Metal and metal oxide nanoparticles are very suitable for catalytic activities in organic electron transfer processes. Among these, copper is one of the most important materials that have catalytic activity and the synthesis of copper/copper oxide nanoparticles (\(\mathrm{C}\mathrm{u}\)/\({\mathrm{C}\mathrm{u}}_{2}\mathrm{O}\) NPs) is more cost-effective than other noble metals. In this study, a combination of copper nanoparticles with different degree of oxidation has been synthesized by electrochemical method. The efficiency of synthesized material for the catalytic reduction of 4-nitrophenol to 4-aminophenol in the presence of sodium borohydride was studied. The morphology, particle size, and crystalline structure of the synthesized catalyst was studied by scanning electron microscopy (SEM) and X-ray diffraction (XRD) methods. The kinetics of reaction was followed by UV–Visible spectroscopy and the effect of different parameters such as initial concentrations of 4-nitrophenol, sodium borohydride and catalyst dosage on the reaction rate was studied. The recyclability of the prepared catalyst was investigated as well. The reaction order of the catalyst dosage was investigated by graphical analysis method. Finally based on Langmuir–Hinshelwood (L–H) mechanism the rate of reaction was modeled.

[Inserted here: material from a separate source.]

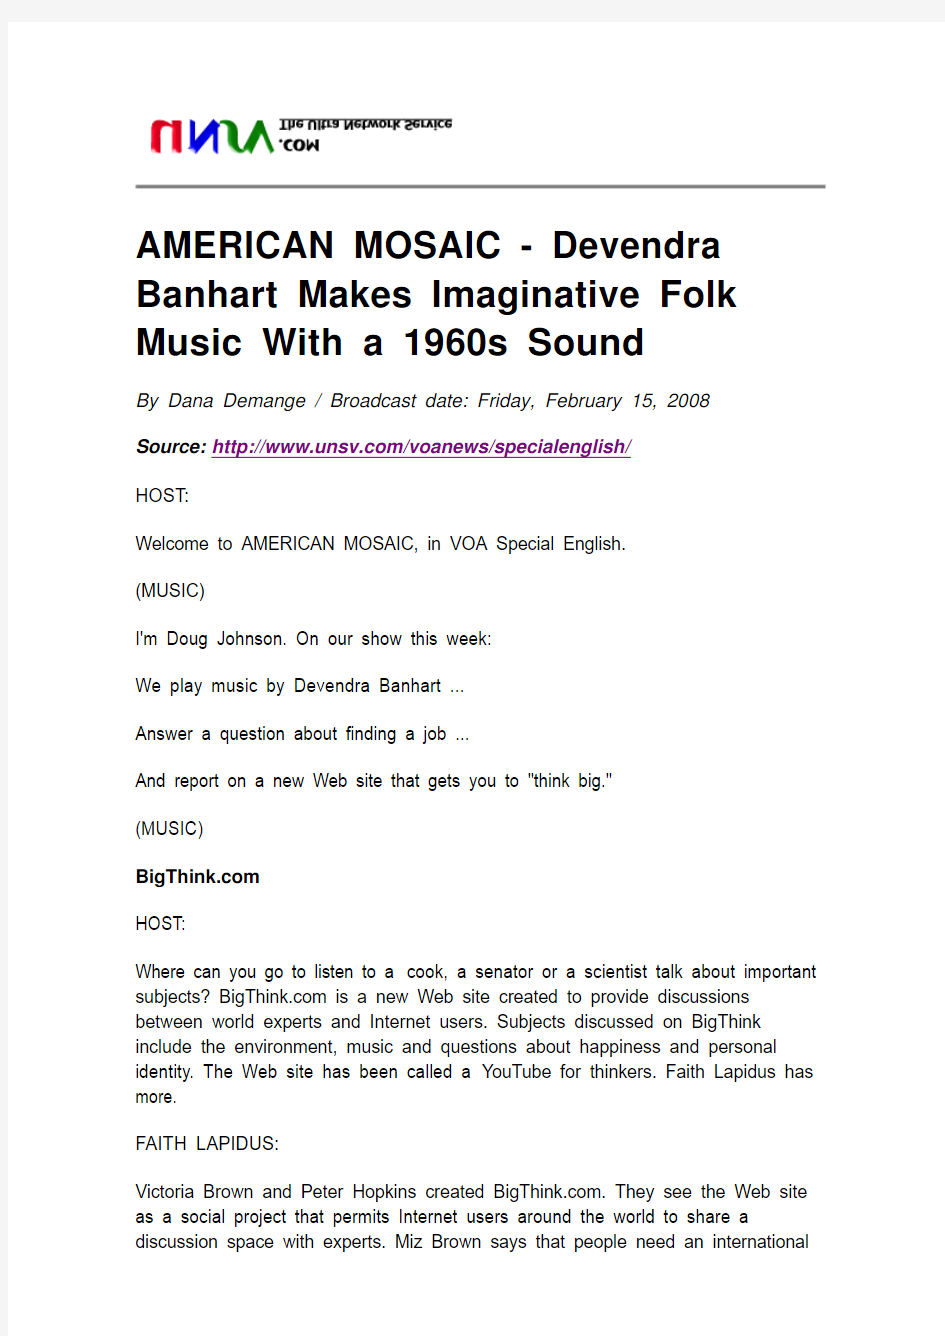 AMERICAN MOSAIC - Devendra Banhart Makes Imaginative Folk Music With a 1960s Sound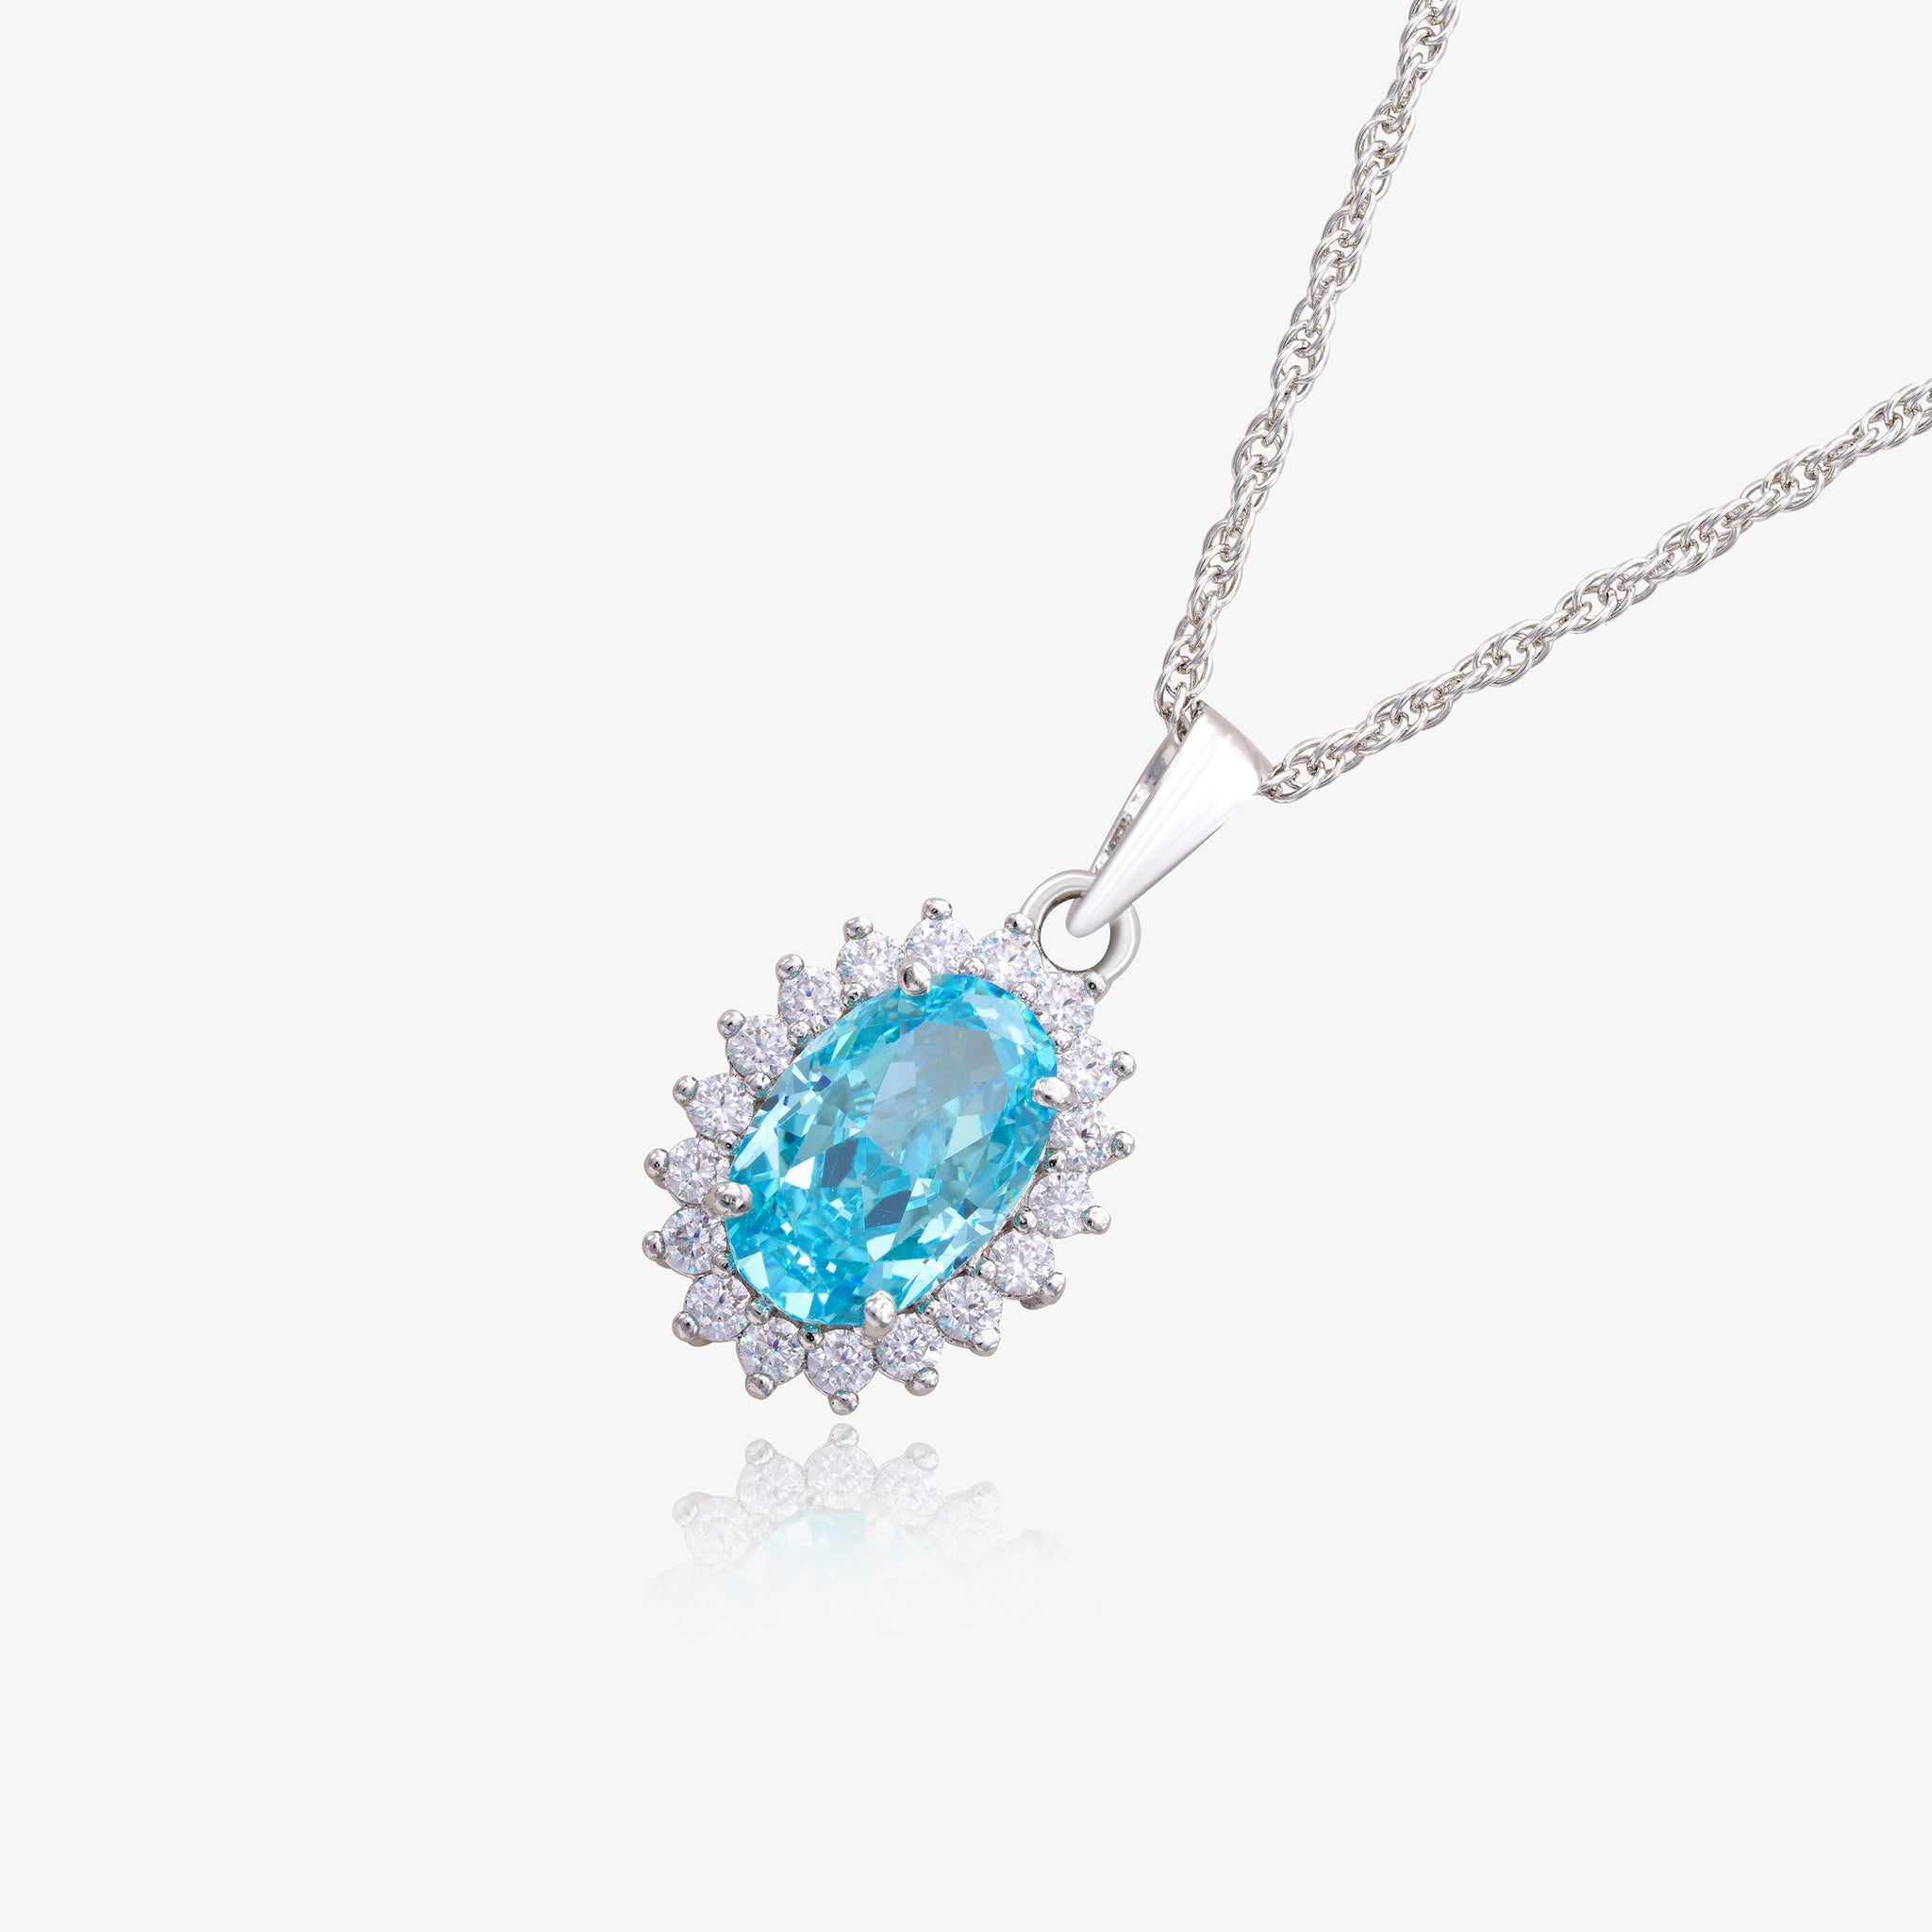 Aquamarine Blue Oval Topaz Premium Natural Gemstone Pendant Chain In 925 Sterling Silver

金属和金属氧化物纳米粒子非常适合有机电子转移过程中的催化活性。其中，铜是最重要的具有催化活性和合成铜/铜氧化物纳米粒子（\（\ mathrm {C} \ mathrm {u} \） / \（{\ mathrm {C} \ mathrm {u}} _ {2} \ mathrm {O} \）NPs）比其他贵金属更具成本效益。在这项研究中，已通过电化学方法合成了具有不同氧化程度的铜纳米粒子的组合。研究了合成材料在硼氢化钠存在下将4-硝基苯酚催化还原为4-氨基苯酚的效率。通过扫描电子显微镜（SEM）和X射线衍射（XRD）方法研究了合成催化剂的形貌，粒径和晶体结构。通过紫外可见光谱跟踪反应动力学，并研究了不同参数（例如4-硝基苯酚的初始浓度，硼氢化钠和催化剂用量）对反应速率的影响。还研究了制备的催化剂的可回收性。通过图形分析方法研究了催化剂用量的反应顺序。最后，基于Langmuir-Hinshelwood（L-H）机制，对反应速率进行了建模。